---------- Data segment

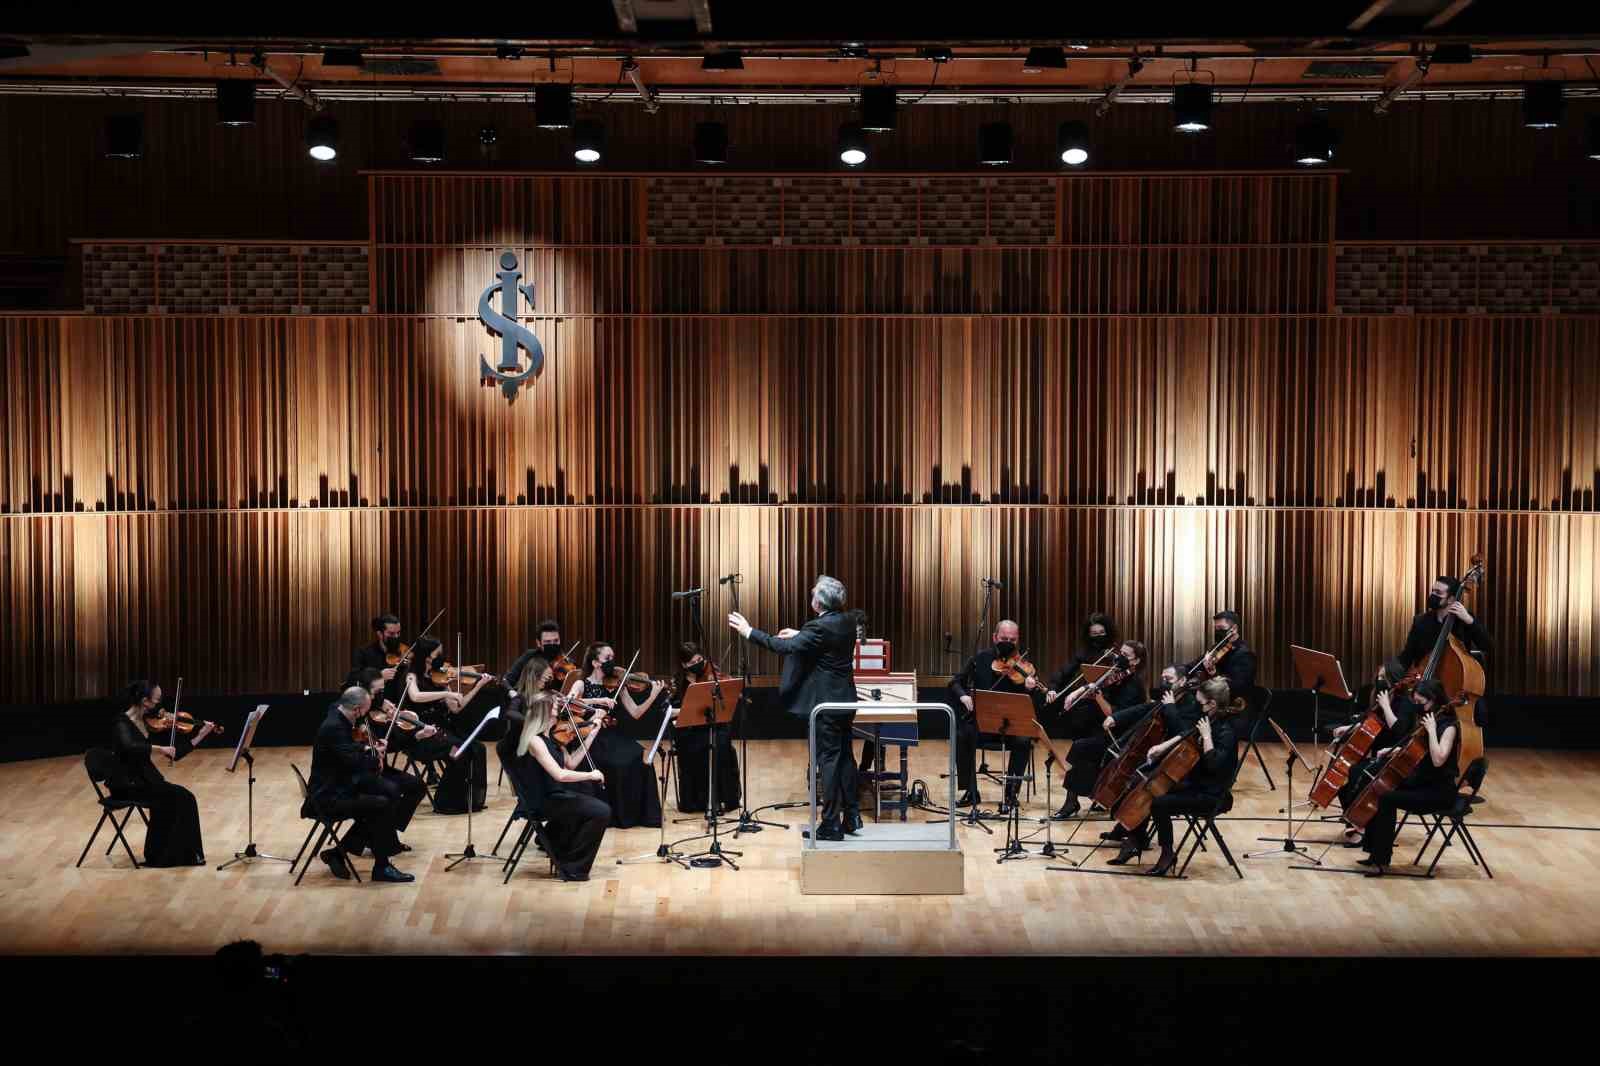 Millî Reasürans Oda Orkestrası, ‘100.Yılda Türk Tangosu’ başlıklı konserle müzikseverleri ağırlayacak
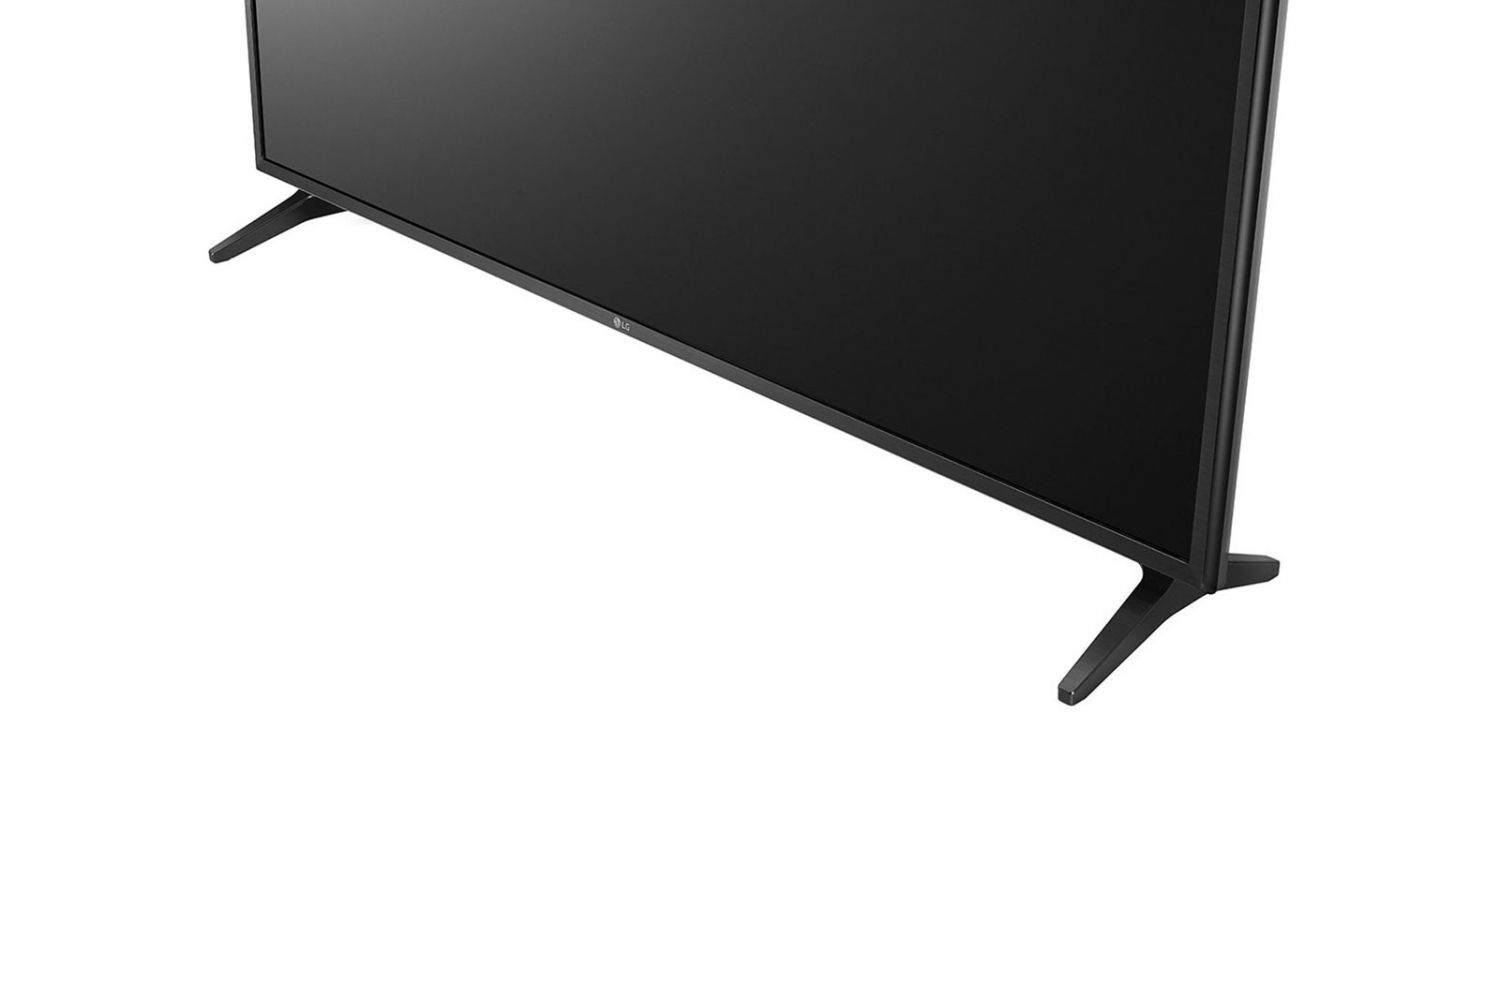 55UK6200PLA - Televisor LED LG 55UK6200PLA LED TV 139,7 cm (55
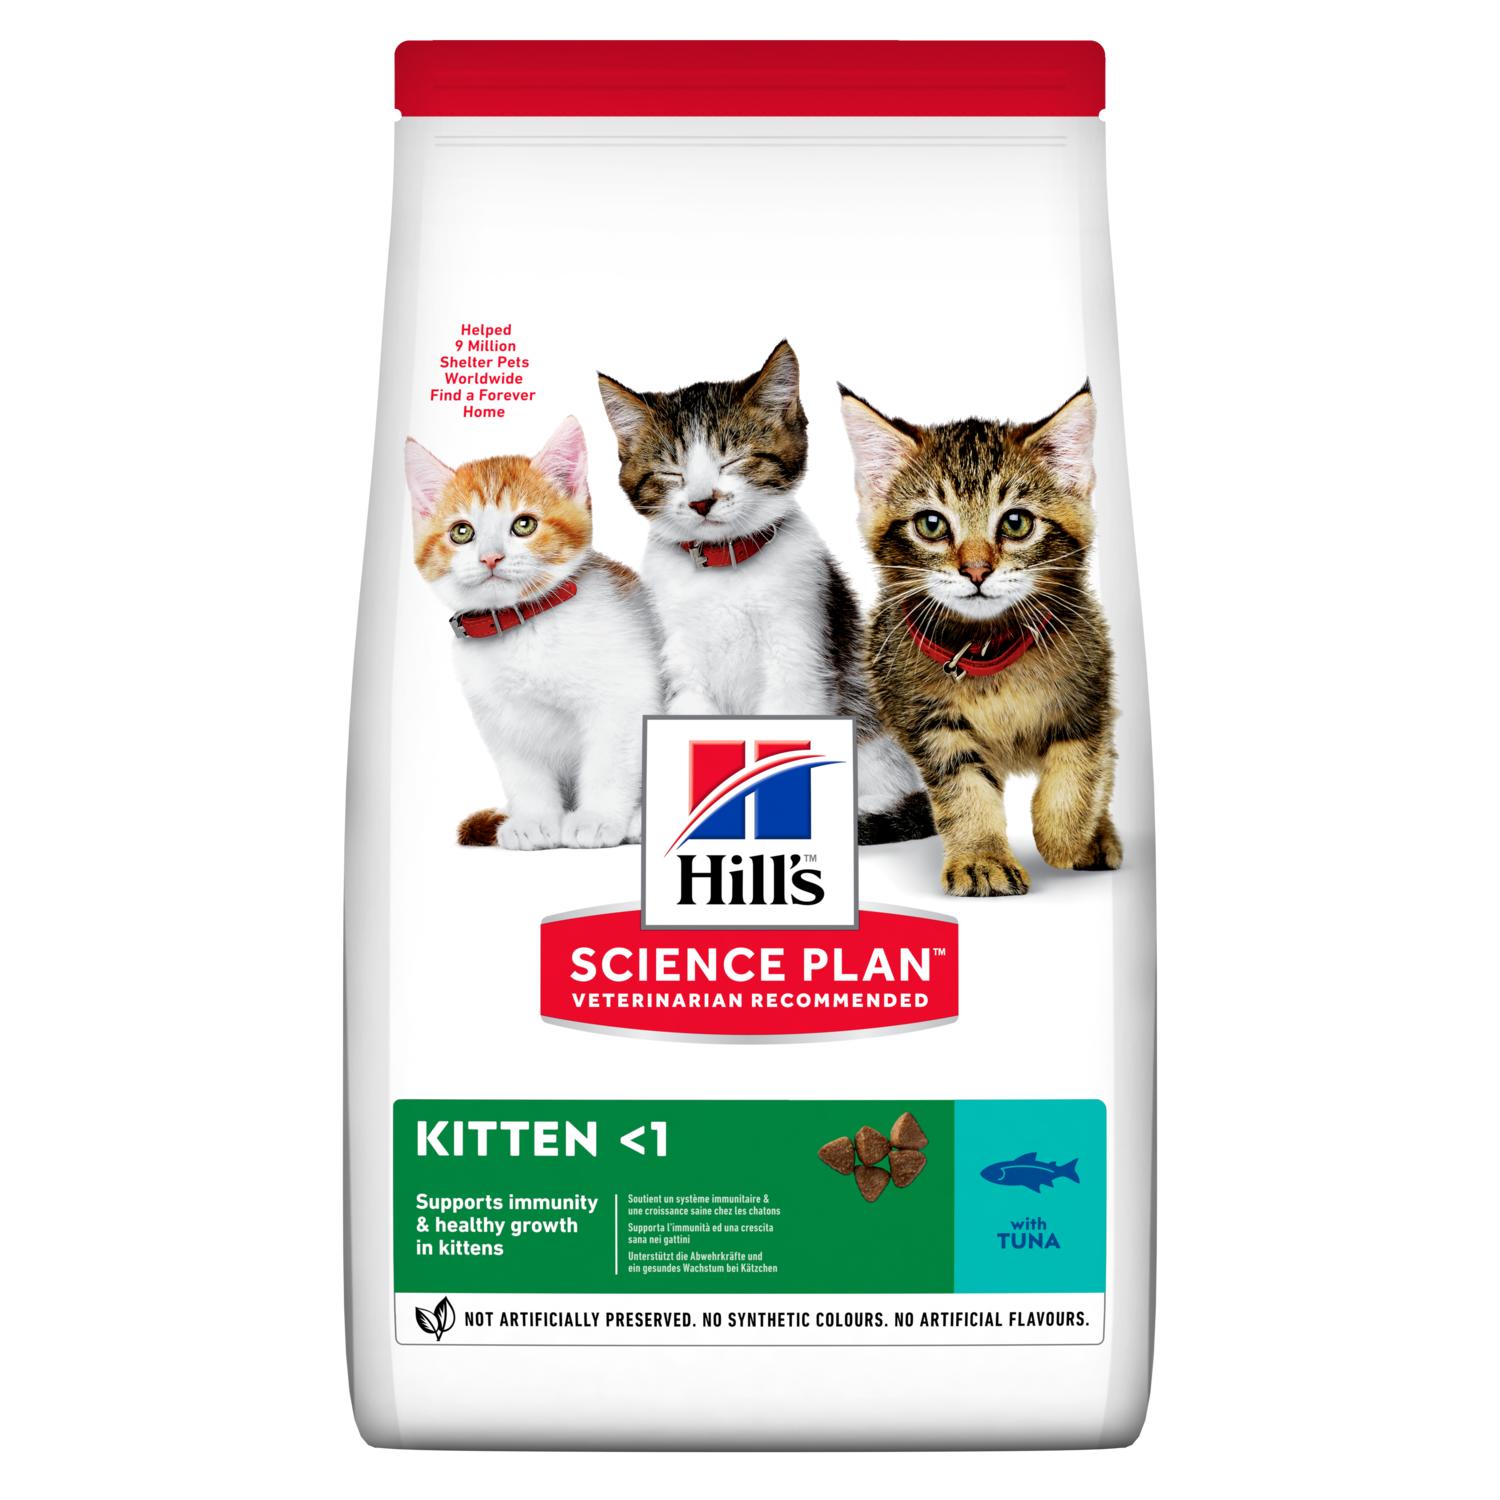 Hill's Science Plan Feline Kitten Tuna

--------------------

Work instruction: Return all of the data exactly as written, and drop the pictures.

Answer space:
 Millî Reasürans Oda Orkestrası, ‘100.Yılda Türk Tangosu’ başlıklı konserle müzikseverleri ağırlayacak
 55UK6200PLA - Televisor LED LG 55UK6200PLA LED TV 139,7 cm (55
 Hill's Science Plan Feline Kitten Tuna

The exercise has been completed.